A striking complex rearrangement in WPE1-NB26 cells is on 22q12.2. We found three HYDRA breakpoint calls in this region, suggesting deletions spanning from the 3′ region of NIPSNAP1 (non-neuronal SNAP25-like protein homolog 1) gene to the 5′ region of NF2 (neurofibromatosis type 2) gene, and also an inversion of the NIPSNAP1 gene (Fig. 5A). By the AbCNV analysis we also found a small deletion of 45 Kb that removes the promoter and the 5′ UTR of the tumor suppressor NF2 gene in WPE1-NB26 cells (Fig. 5). As our model in Figure 5E suggests, in the first step segments B and C containing the NIPSNAP1 gene were inverted to create the junction (reported by HYDRA breakpoints 158362 and 158424) joining A to C. In the second step the B and D segments containing the 5′ ends of NIPSNAP1 and NF2, respectively, are deleted to create the junction joining C to E. PCR with primer pairs located in the deletion (A1 and A2) and outside (A3) confirmed the deletion involving NF2 in WPE1-NB26 (Fig. 5B). This model suggested that NIPSNAP1 and NF2 gene expression should be suppressed in WPE1-NB26. Western blot shows that the NF2 protein is indeed not expressed in the WPE1-NB26 malignant cells (Fig. 5C). Reverse-transcription PCR on cellular RNA confirms that NIPSNAP1 mRNA is also not expressed in WPE1-NB26 cells (Fig. 5D).

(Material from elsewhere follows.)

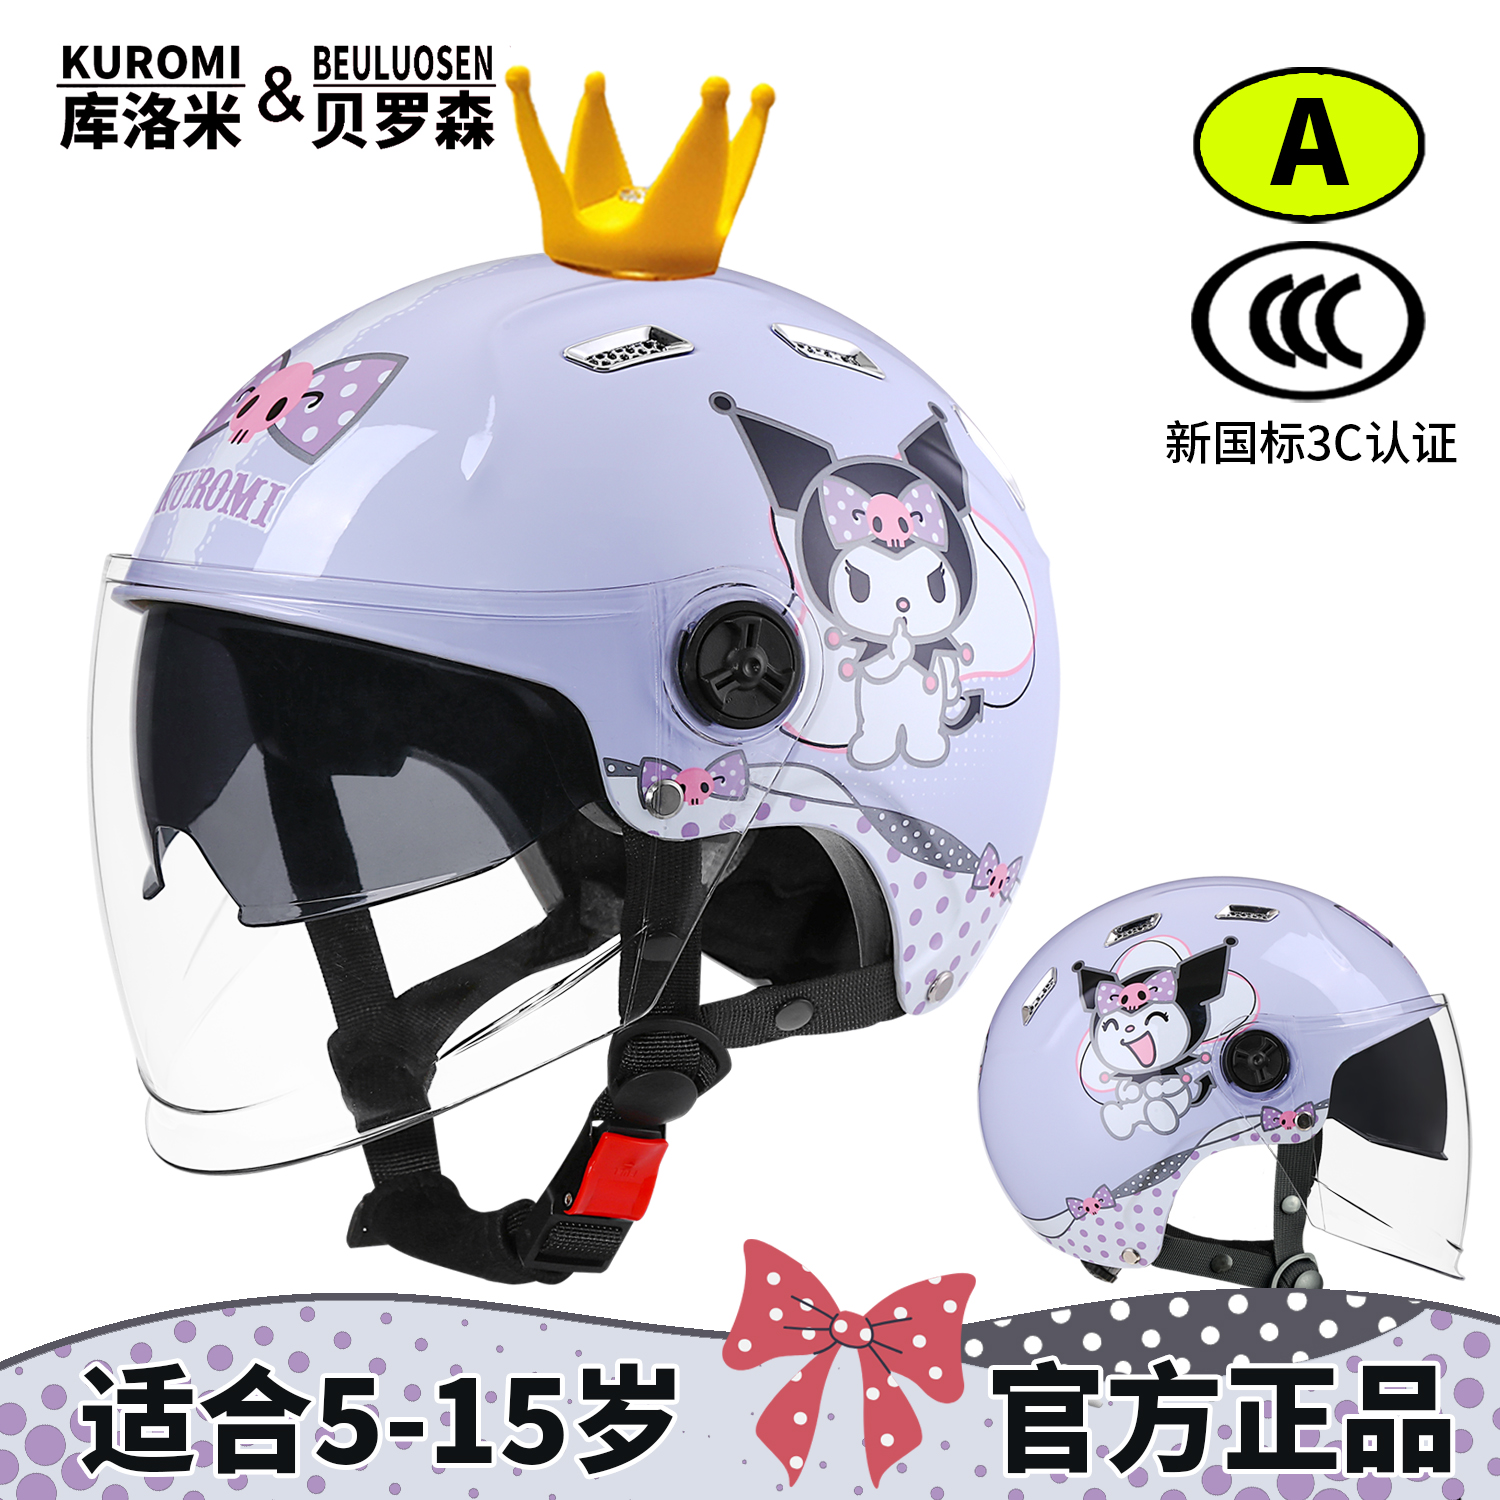 库洛米儿童头盔女孩3c认证四季款电动车安全头盔6一12岁摩托车帽

We identified another complex rearrangement event involving the EMILIN2/LPIN2 and ROCK1 genes on chr18 (Fig. 6A). The individual breakpoints predicted by HYDRA (ID: 104993, 104965, and 104992 in Table 2 and Fig. 6A) have been confirmed by PCR across the breakpoints (Fig. 6A). To elucidate the genomic structure of this locus, we sequenced the PCR amplified fragments (Fig. 6B) and also measured the DNA copy number at selected sites across the entire region (results summarized in Fig. 6A). Sequencing of the PCR fragments across the breakpoints indicated that HYDRA ID:104993 and ID:104965 were reporting on the same breakpoint. A deletion of 19 005 bases between chr18:2 908 934 (end of segment A) and 2 927 939 (beginning of segment E) creates the A–E adjacency reported by HYDRA ID:104965. Unexpectedly, a 245 base DNA fragment G from chr18:18 691 959–18 692 204 was inserted between fragments A and E to create the A–G adjacency reported by HYDRA ID:104993 and confirmed by the sequencing of the PCR products in Figure 6B. Intriguingly, part of the BCD segment is not lost completely as evidenced both by the copy number measurements (Fig. 6B) and the C–H adjacency reported by HYDRA ID:104992.

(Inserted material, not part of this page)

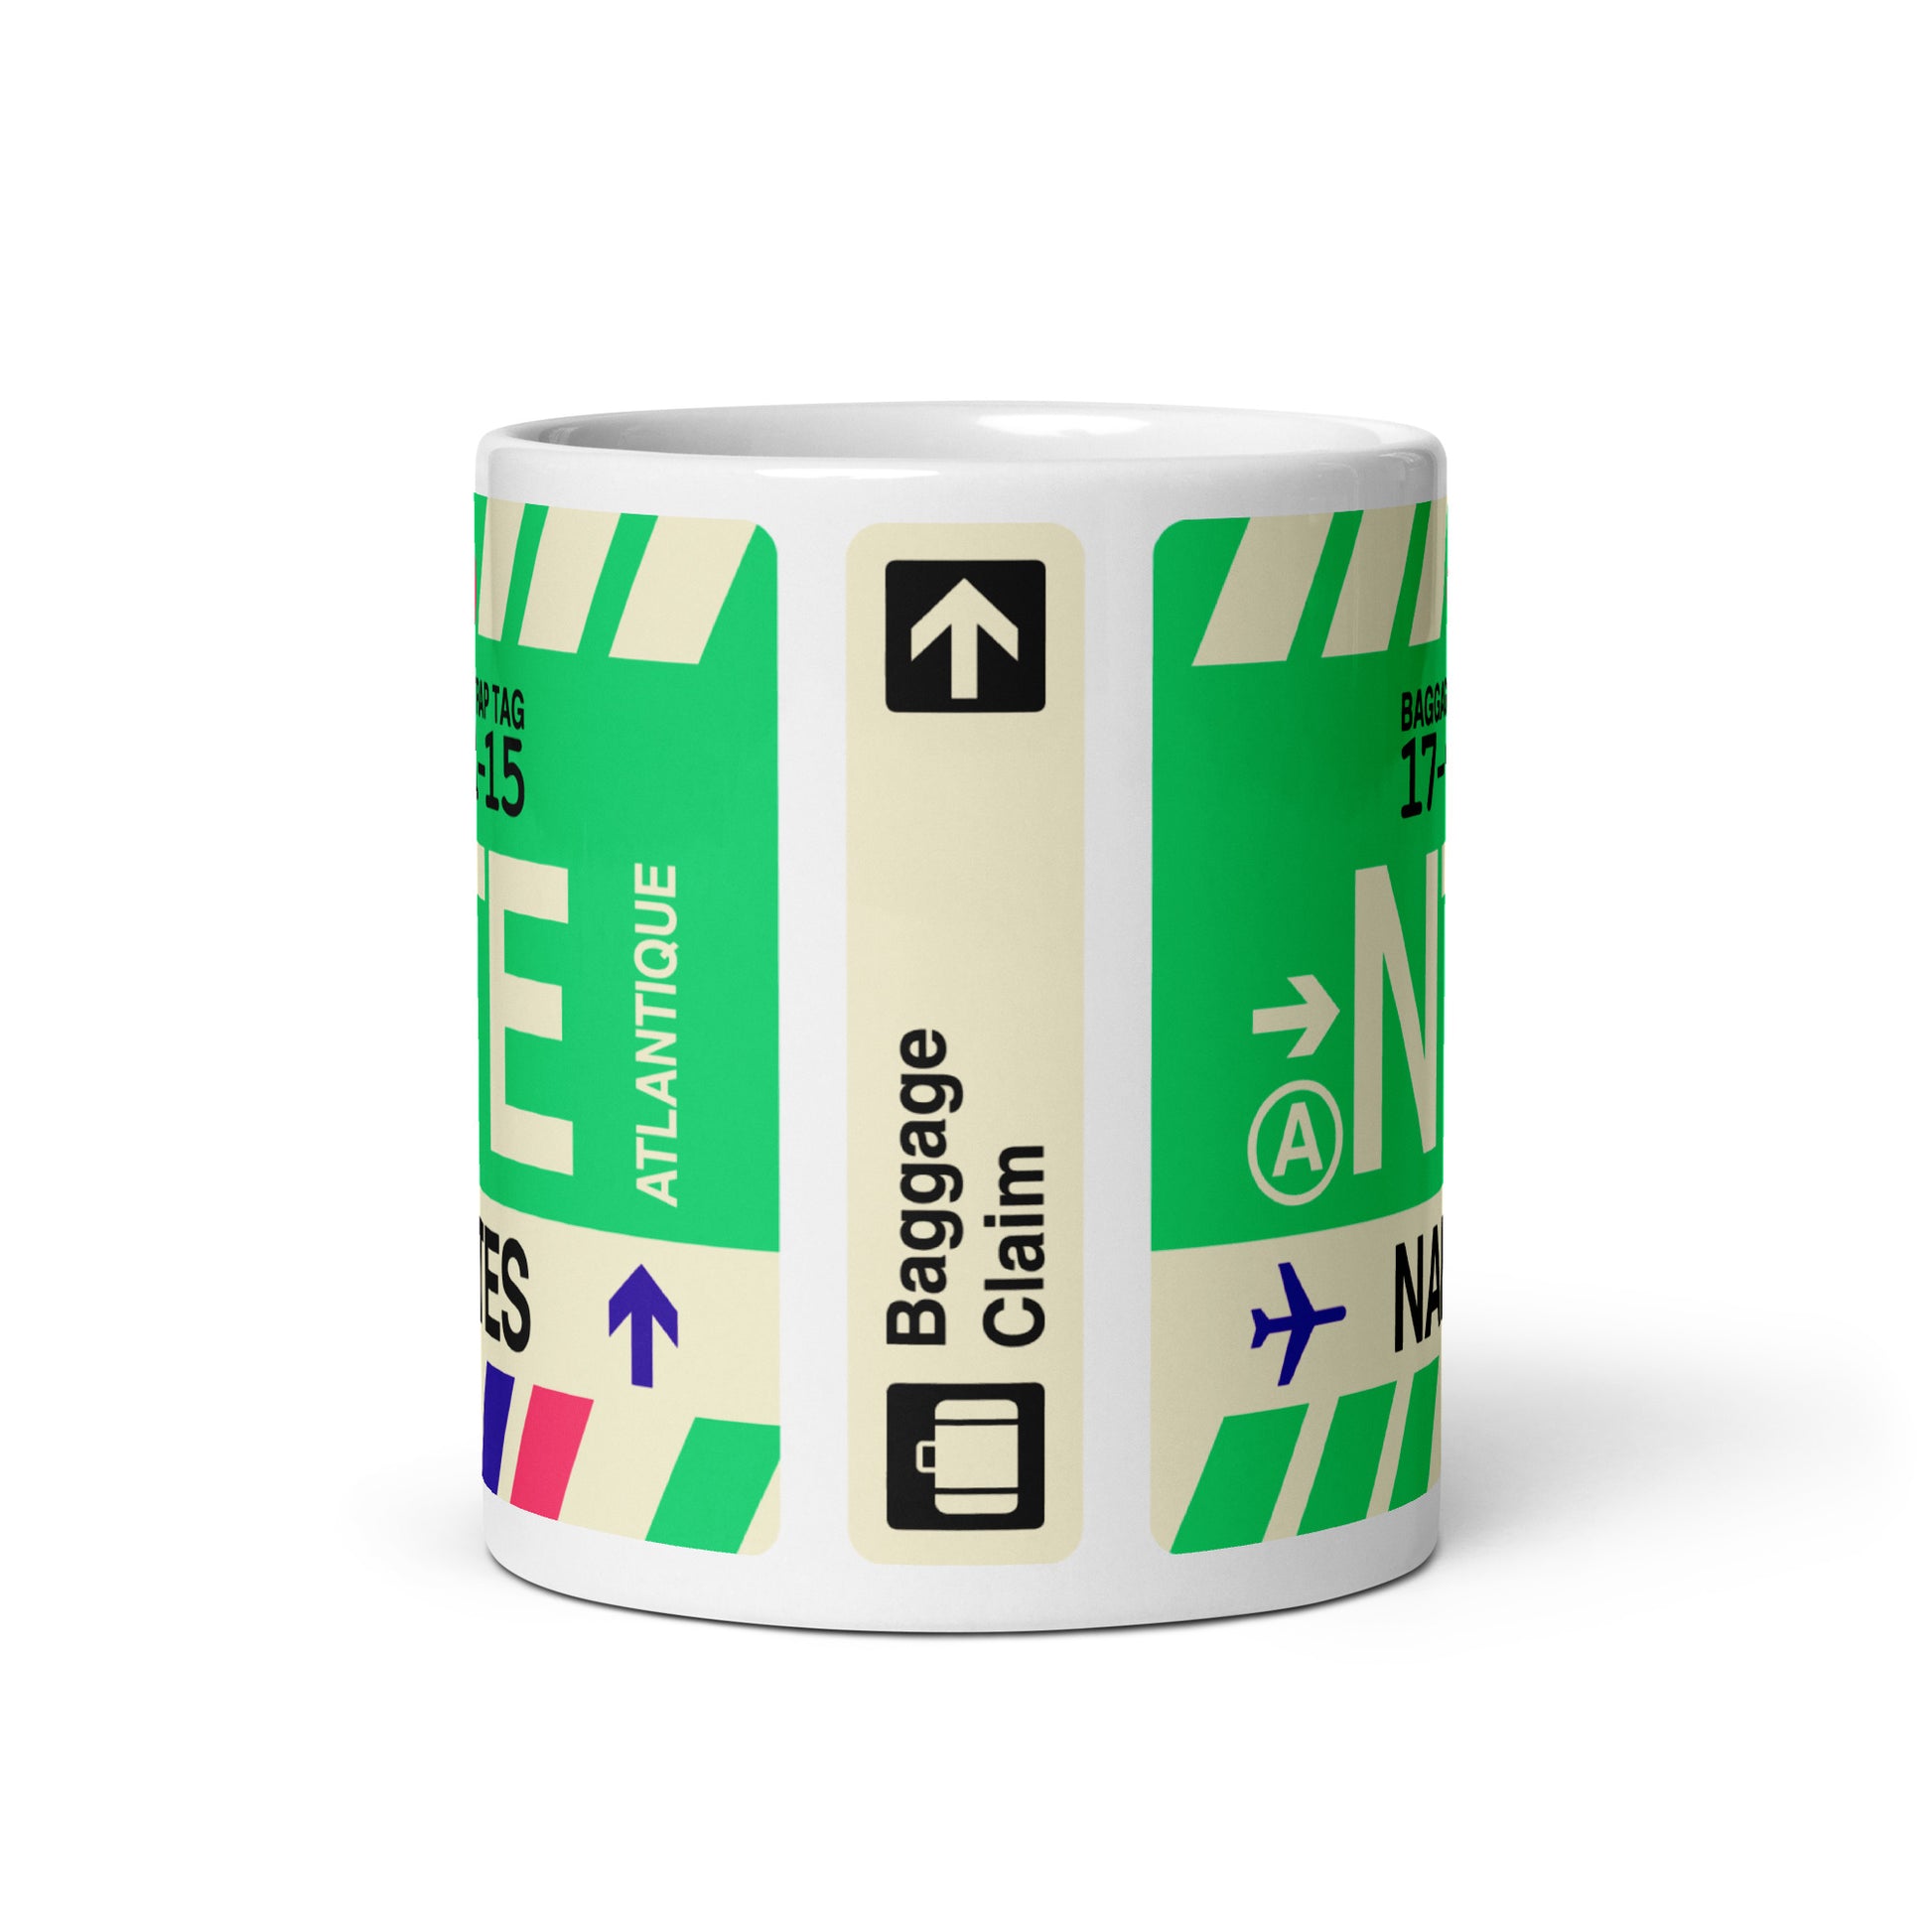 Travel-Themed Coffee Mug • NTE Nantes • YHM Designs - Image 02

Figure 6. Complex rearrangements in EMILIN2-LPIN2-ROCK1 locus on chr18. (A) Cartoon showing the chr18: 2 900 000–19 500 000 locus divided into named segments from A–H. The track underneath shows the three genes of interest (EMILIN2, LPIN2, and ROCK1). The next tracks show the location of the footprint of HYDRA breakpoint IDs: 104992, 104993, and 104965. The next track shows the measured copy number across this whole region. (B) Cartoon showing the sequencing results obtained for the three HYDRA breakpoints (IDs: 104992, 104993, and 104965) in the terms of the same named segments as defined in (A). (C) Model depicting our hypothesis for the complex event that takes place on chr18 to create the deletion and the HYDRA breakpoints reported in (A).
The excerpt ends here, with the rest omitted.